Diversifying the income seem to be an important goal right now, even if the
userbase hasn't been very sympathetic so far.

------
rguldener
I really miss focusing on the details of their desktop product here: About a
week ago I tried to switch away from Chrome and back to FF and its been a
rough week. Speed wise FF is actually great, absolutely no complaint here,
same goes for memory. What I didn't expect and what kind of shocked me is how
broken some web pages are on FF. For instance in GMail I can't use Cmd+arrow
keys to jump to the beginning or end of a line and on the new Google maps (the
one that has been around as a preview for more than a year) zooming by
scrolling simply does not work. It's not just Google sites though, I had
stutering scrolling on some more complex sites (where Chrome has no issue) and
some startup pages have oddly shaped buttons and similar layout issues. It
seems like many sites aren't testing on FF anymore.
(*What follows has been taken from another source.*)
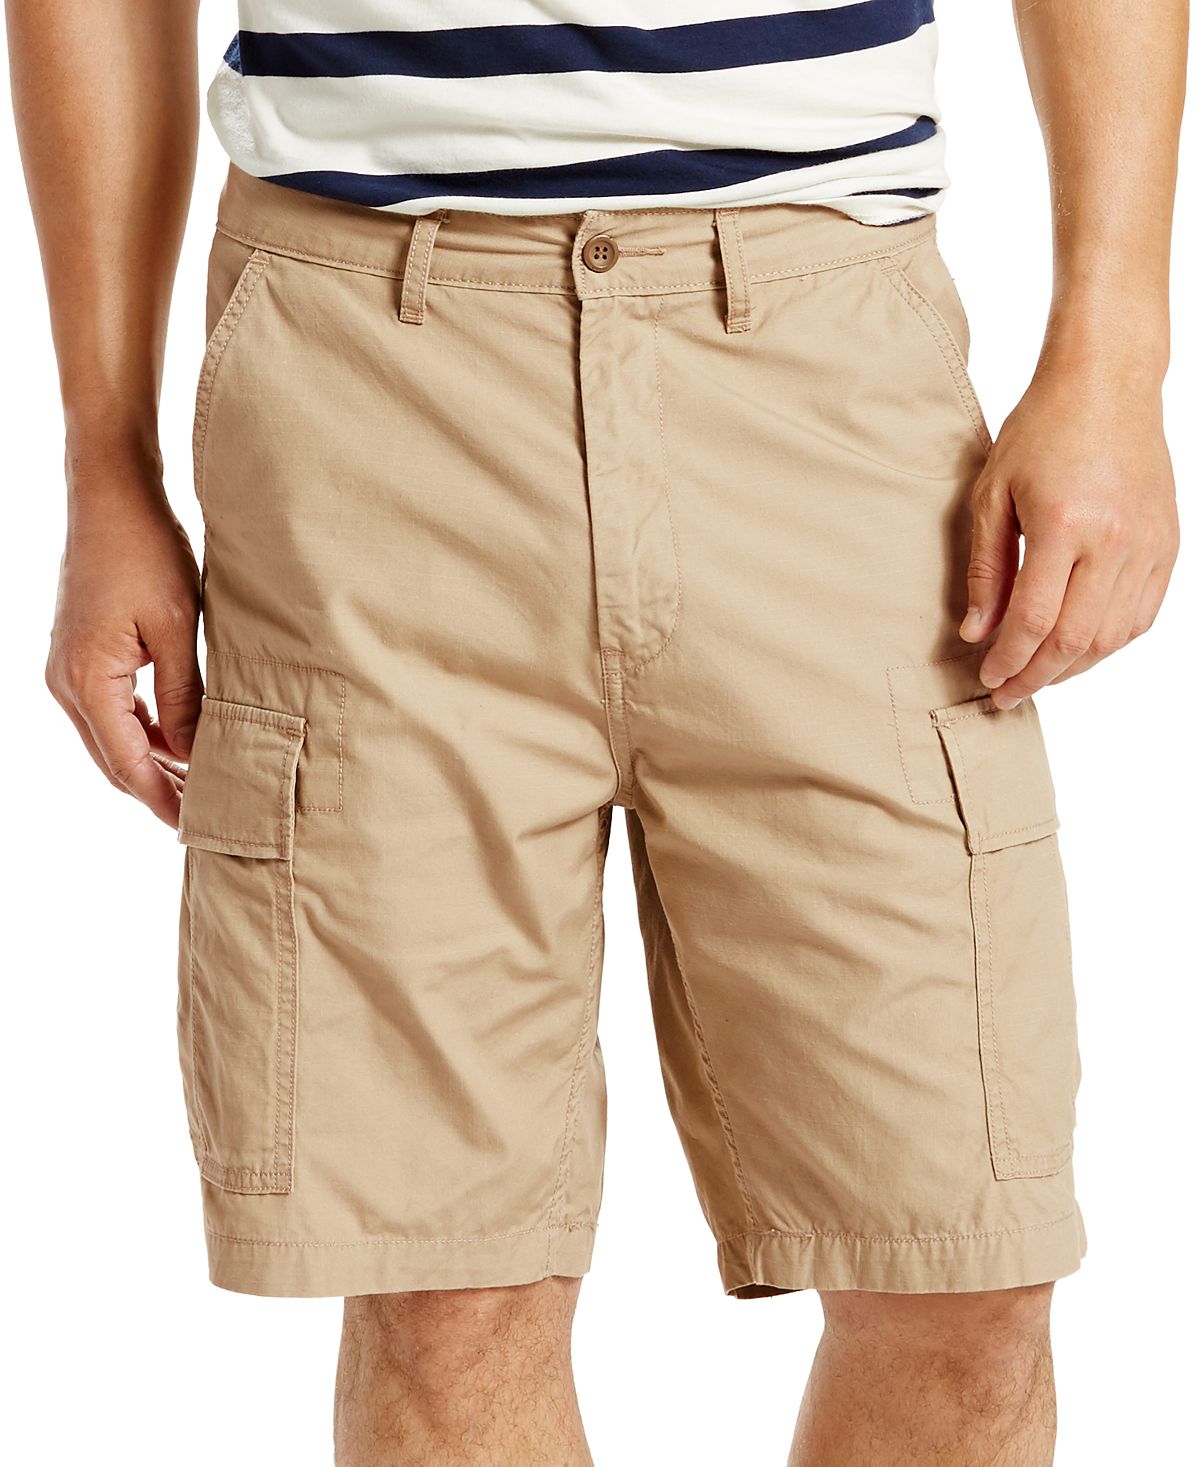 Мужские шорты-карго свободного покроя из неэластичного материала шириной 9,5 дюйма Levi's

I really expected FF to be on par with Chrome in terms of rendering quality
but that really turned out not to be the case in many small, yet annoying
corner cases. They got big by incorporating the quirks of IE and then
improving on that, maybe it is time they start thinking about implementing
some of the WebKit rendering quirks and go from there.

I really want to keep on using FF and to love it but if it means I have to
switch browsers for some of the sites I use daily that will be difficult.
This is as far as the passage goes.